The morning after I took that picture, Miss D and I had a hotty boom botty date to pick out the flowers for her and Paolo’s wedding (t minus: TEN DAYS eeeek). I was reading a Lally Weymouth article in Newsweek before she pulled up, and, as I climbed in the car, after a hug and greeting, my opening salvo was, “Man, I was reading this interview with Mahmoud Ahmadinejad, and they asked him how could he deny the Holocaust. I have to say, his answers were really surprising.”

Aren’t I just the socially smoothest? Like, “Hello and oh, I’m very excited to be part of picking the flowers for the happiest day of your and Paolo’s lives, and we just got over worrying about P’s mom’s recovery from freaking double masectomy possibly conflicting with the wedding day (surgery was postponed), and we’re taking care of thousands of details this week for this important step in the path of your life’s journey together but, hey, can I take a moment of your time to talk about Iranian holocaust deniers? That’s cool, right?” Like, way to stomp on the beautiful shiny optimism of the morning, Elizabeth.

Thank god she is a woman of intellect as well as heart. Not missing a beat, Miss D said, “What did he say? I’m curious.” We agreed we’d only heard ignorant American perspectives on Holocaust denial, but nothing from a Middle Eastern politician. Because that is all normal ladies’ behavior of a Wednesday morning on your way to get wedding flowers. Actually, he did have interesting responses, interesting in the sense of I-had-not-heard-of-that, but it is the same old anti-Semitism you can find in any country with jerks in it which is to say humans in it (total bullshit). Obviously he has a unique perspective because of Iran’s relationship with Palestine and he was positioning himself very diplomatically based on that, but he was saying disgraceful and inexcusable things about Israel, Judaism, and the behavior of Jews in Germany during WWII, to my mind, but that is neither here nor there. (Read the interview online here at the Newsweek website.)
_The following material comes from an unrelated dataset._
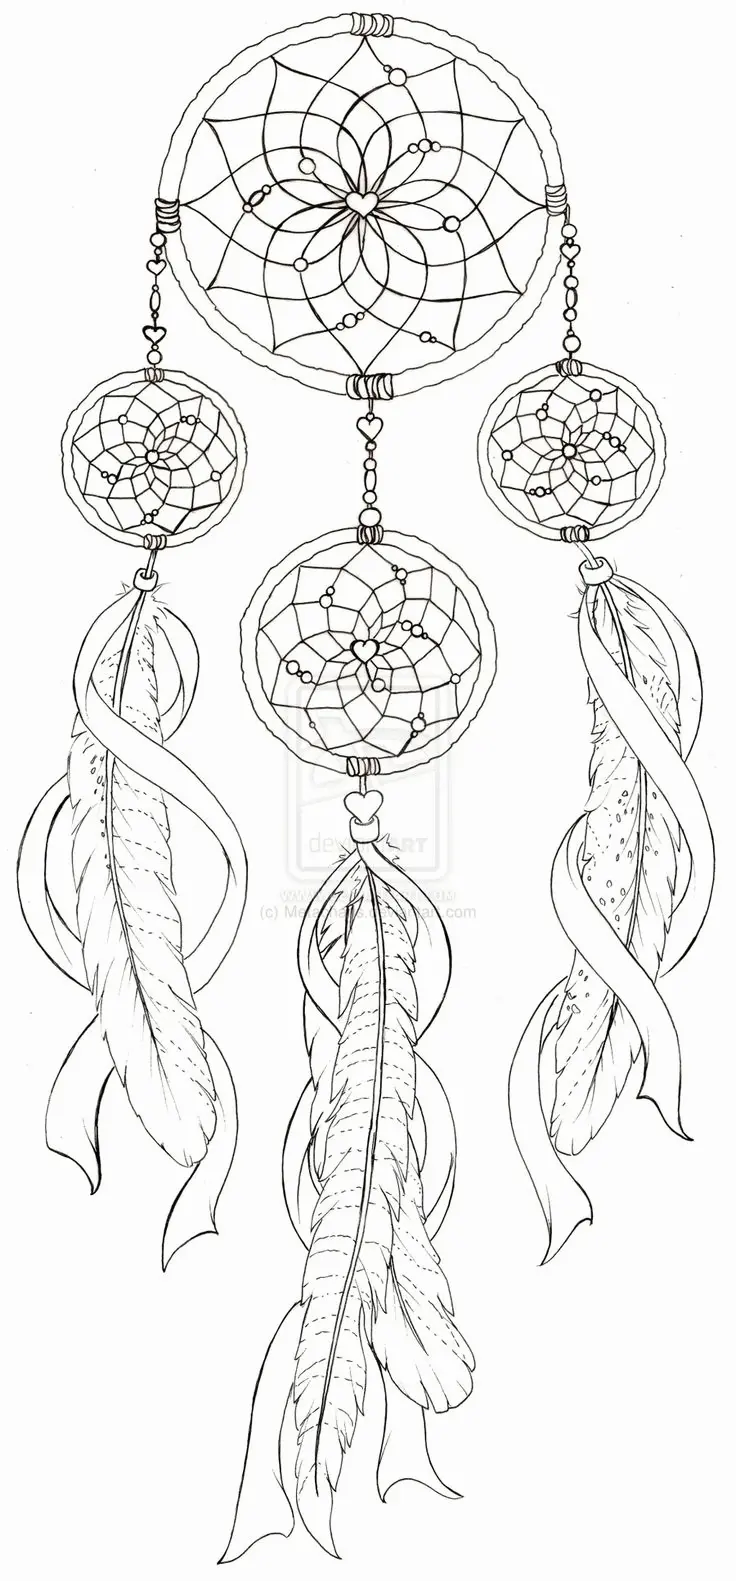 Dream Catcher Coloring Pages

Anyway, having discussed international politics and effectively hammered that shit out, we turned our attention back to the domestic front and went and got the flower situation all nailed down, is the point. Although at first we are pretty sure they thought we were marrying each other, and while watching them stammer to be PC and glance back and forth between us constantly was fun, I eventually clarified, “She is the bride. I’m just a friend who’s helping.” When I told Christo this, he suggested we should have kept them going and tried to muscle a discount from their obvious discomfort. Central Valley’s nearly benignly generic homophobia = just peaches and cream.

Shoot, I need to go for right now. Got to smog my car. I’ll schedule this to post for later and hopefully I’ll be able to turn right back around and finish up. I have more to say, it involves big hair and blondes and me being a terrible reverse discriminator who needs to step down off my aren’t-I-so-cool-for-not-being-cool high horse before the altitude makes me ill in the Bad Way.